For reference, we can find:

  • The Bisheng JDK, like the Oracle JDK, is based on OpenJDK customization, but with different commercial features. For example, we all know that OpenJDK 12 adds a new garbage collection (GC) algorithm called Shenandoah, but it was not shipped with the Oracle JDK release.
  • On the basis of OpenJDK customization, there are some differences, mainly from the product features of some enhancements, fixes and upstream features.

Why do you want to do biliter JDK?

2.1 Oracle JDK authorization has changed

  • Aside from the “well known” reasons, I don’t know if you know that the Oracle JDK is charged after 8U212. For the company, considering the security vulnerability of JDK itself and considering commercial factors, the result is to develop JDK in line with its own development.

Note: The above data are from Oracle’s official website.

2.2. The desire for valuable features in older JDKS

A new version of the JDK is released every six months, and there are many JDK versions with different functions/features in different JDK versions. Programmers expect to use as many valuable features from older versions as possible on the JDK they are most familiar with. For example, the G1 GC has introduced a feature in JDK12 to return unused memory to the operating system. This feature is very valuable in cloud scenarios. Currently, JDK8 is still the mainstream use.

2.3 Application customization and optimization demands

Applications have special demands on running hardware and scenarios, but these demands are difficult to enter the community in the short term. For example, the application of big data in mathematics has a high demand, in the development of the JDK for mathematical calculation cycle development, instruction optimization and other compiler optimization technology, accelerate the calculation.

Third, bi Sheng JDK status quo

3.1 Development status of BI Sheng JDK

  • The Bisheng JDK, like the Oracle JDK, is customized based on the open source OpenJDK. At the same time, the team contributes a lot of value to the upstream community

Patch, involving: garbage collection, JIT, runtime content, etc.

  • The BISON JDK is open source under the GPLv2 copyright and can be downloaded from the official binaries for free.
  • Bison JDK adopts community development and operation, biweekly conference, currently ARM, Boland, Kirin and other partners participate.

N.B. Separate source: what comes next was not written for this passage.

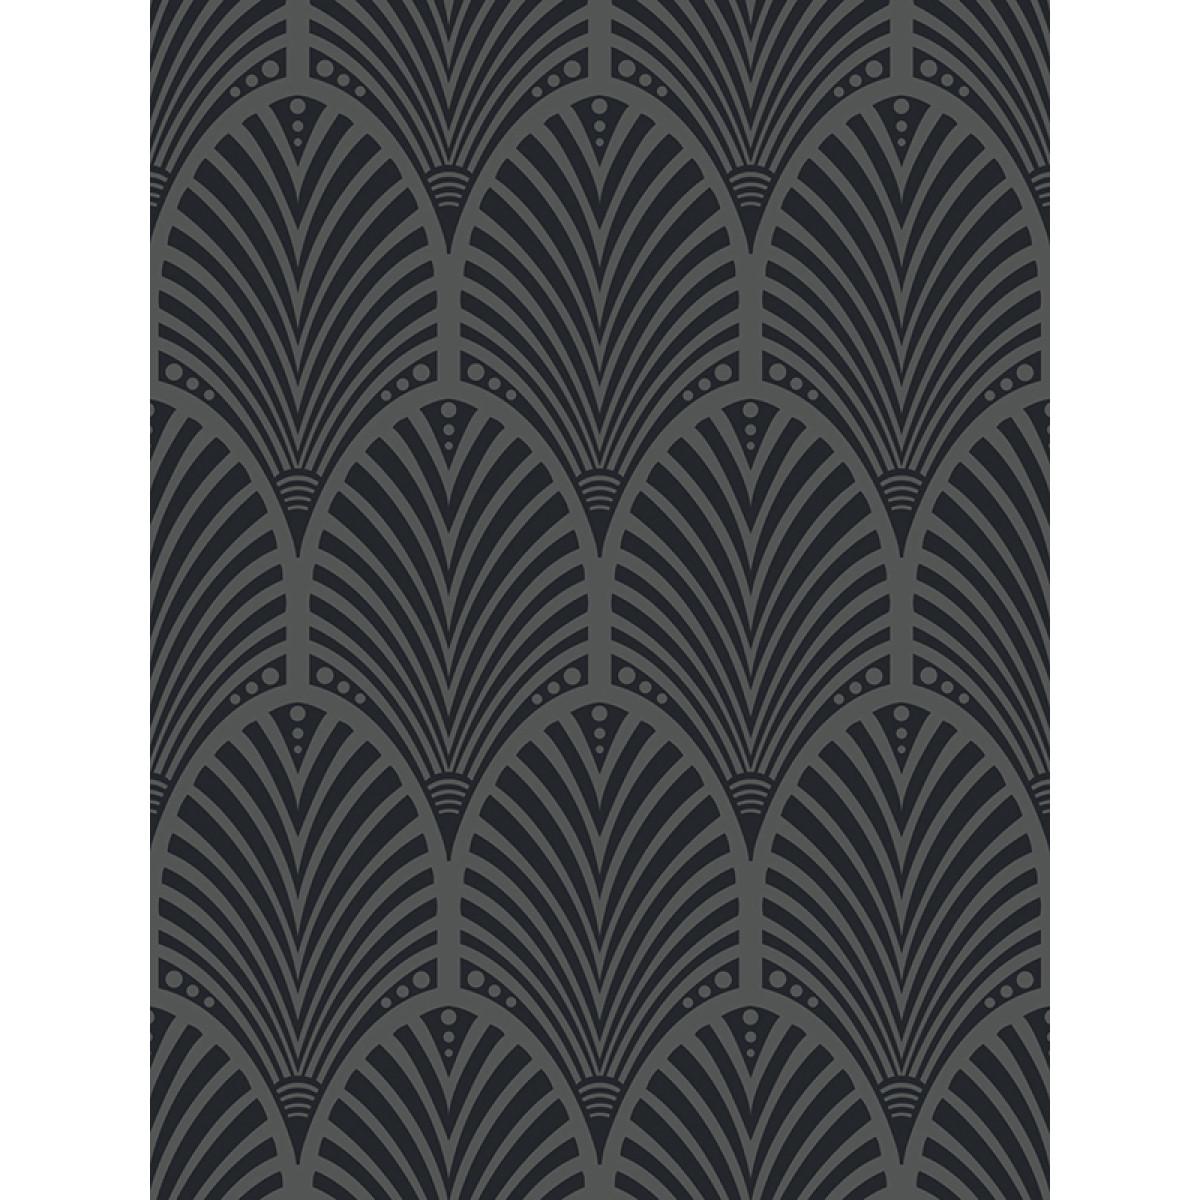 Gatsby Art Deco Wallpaper Charcoal Holden Decor 65250

The BISON JDK community not only supports THE ARM platform, any question about the JDK can be discussed in the BISON JDK community, will be the first response.
  • In the upstream community, the team currently has a total of 10 colleagues (1 Reviewer, 1 Committer, 8 authors) submitting code to the community.
  • Bi Sheng JDK has excellent performance and stability on ARM.

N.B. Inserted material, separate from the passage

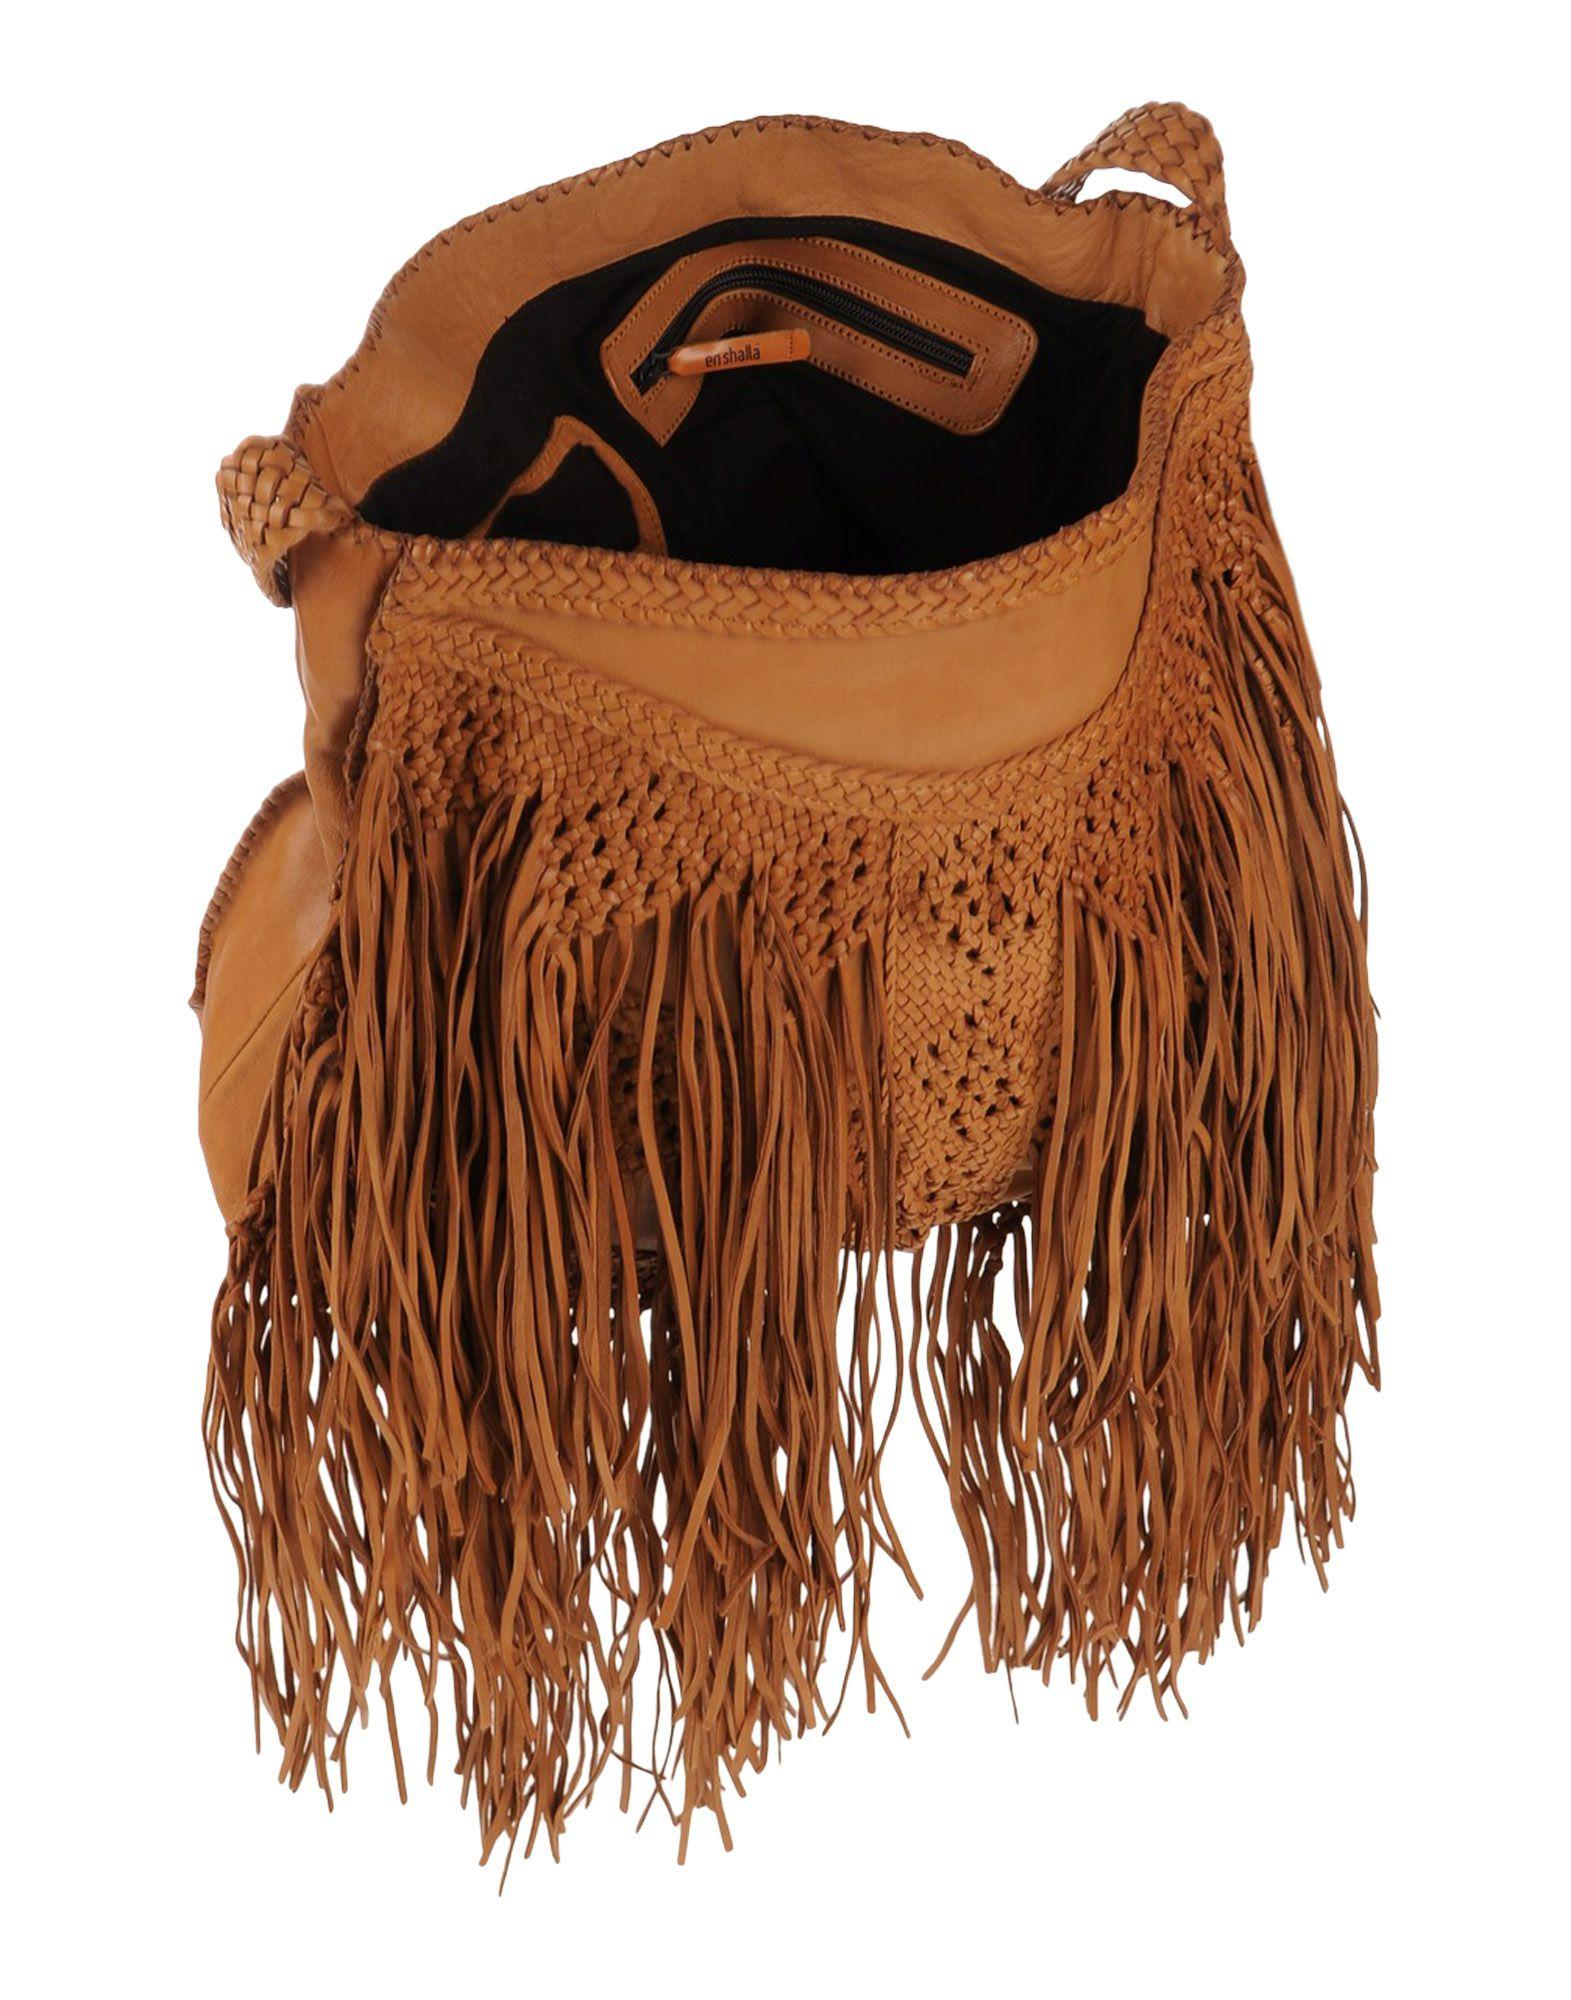 En Shalla Leather Cross-body Bag in Tan (Brown)

3.2 Example of BISHeng JDK performance improvement

We analyzed its advantages by running the Biliter JDK in a test environment as follows:

  • Model: Taishan 2280 v2
  • OS: openEuler20.09
  • HW: Kenpeng 920-64262600MHz, 128 cores
  • The JDK: JDK8U262

By comparing the data on SPECjbb, we found that the BIliter JDK showed significant improvements in both critical and Max: 55% improvement in critical and 16% improvement in Max.

On the other hand, the SPECjvm data, while not particularly impressive, still showed an average improvement of 4.6 percent.

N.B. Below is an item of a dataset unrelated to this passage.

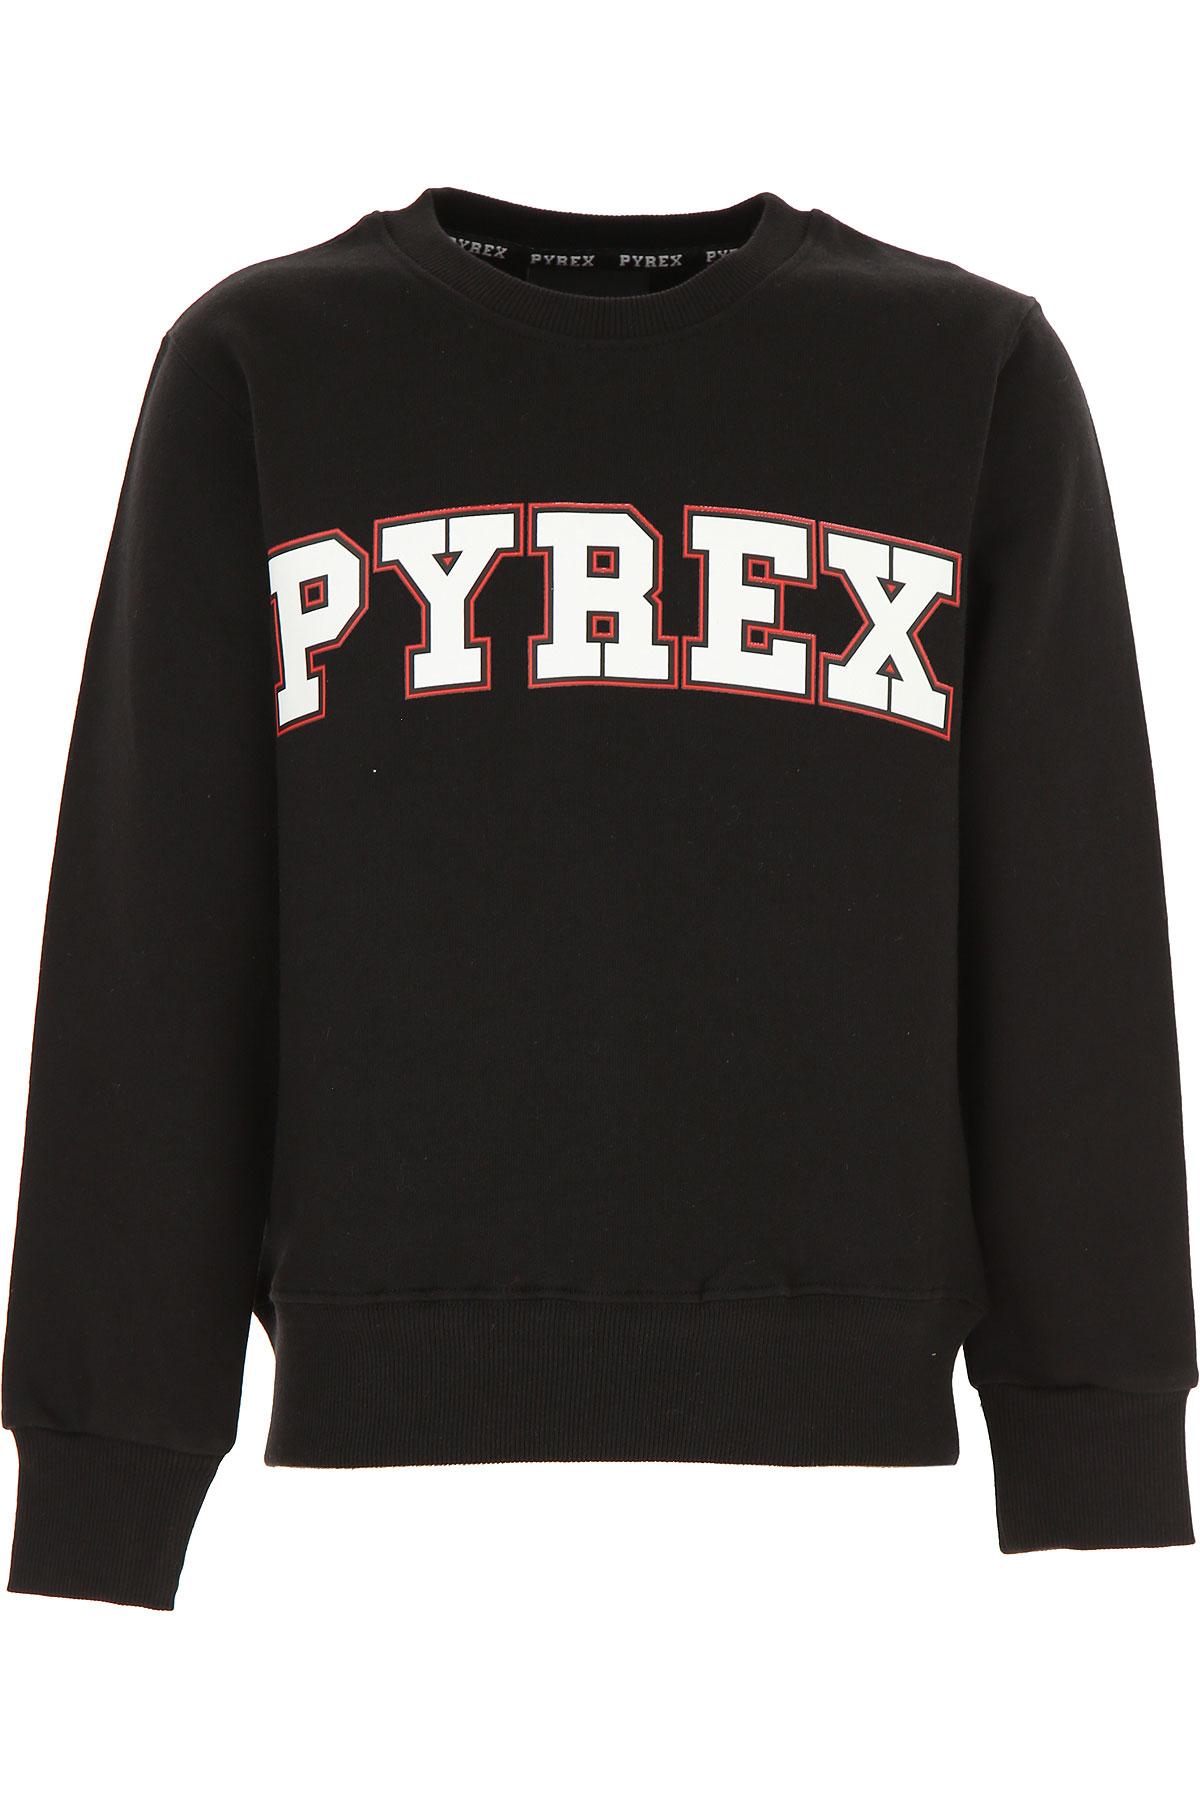 Pyrex Kids Sweatshirts & Hoodies for Boys On Sale, Black, Cotton, 2019, M XL XS XXL (16 Y)

Iv. GC algorithm optimization of BI Sheng JDK

4.1 concept of parallel replication algorithm

We all know that copying is an important part of GC algorithms, especially for the new generation of copying: copying an active object from the FROM region to the TO region. Serial copying is done by only one thread, which is not enough for us. So we use a parallel copy algorithm, so what is a parallel copy algorithm?

  • Objects A and B are copied by different threads in the parallel replication algorithm, possibly because: Objects A and B have different arrival paths, and different threads are copied. Threads can steal replication tasks from other threads because of task balancing problems.
  • For example, if two threads T1 and T2 copy objects A and B respectively, T1: A→A´; T2: B – B ´.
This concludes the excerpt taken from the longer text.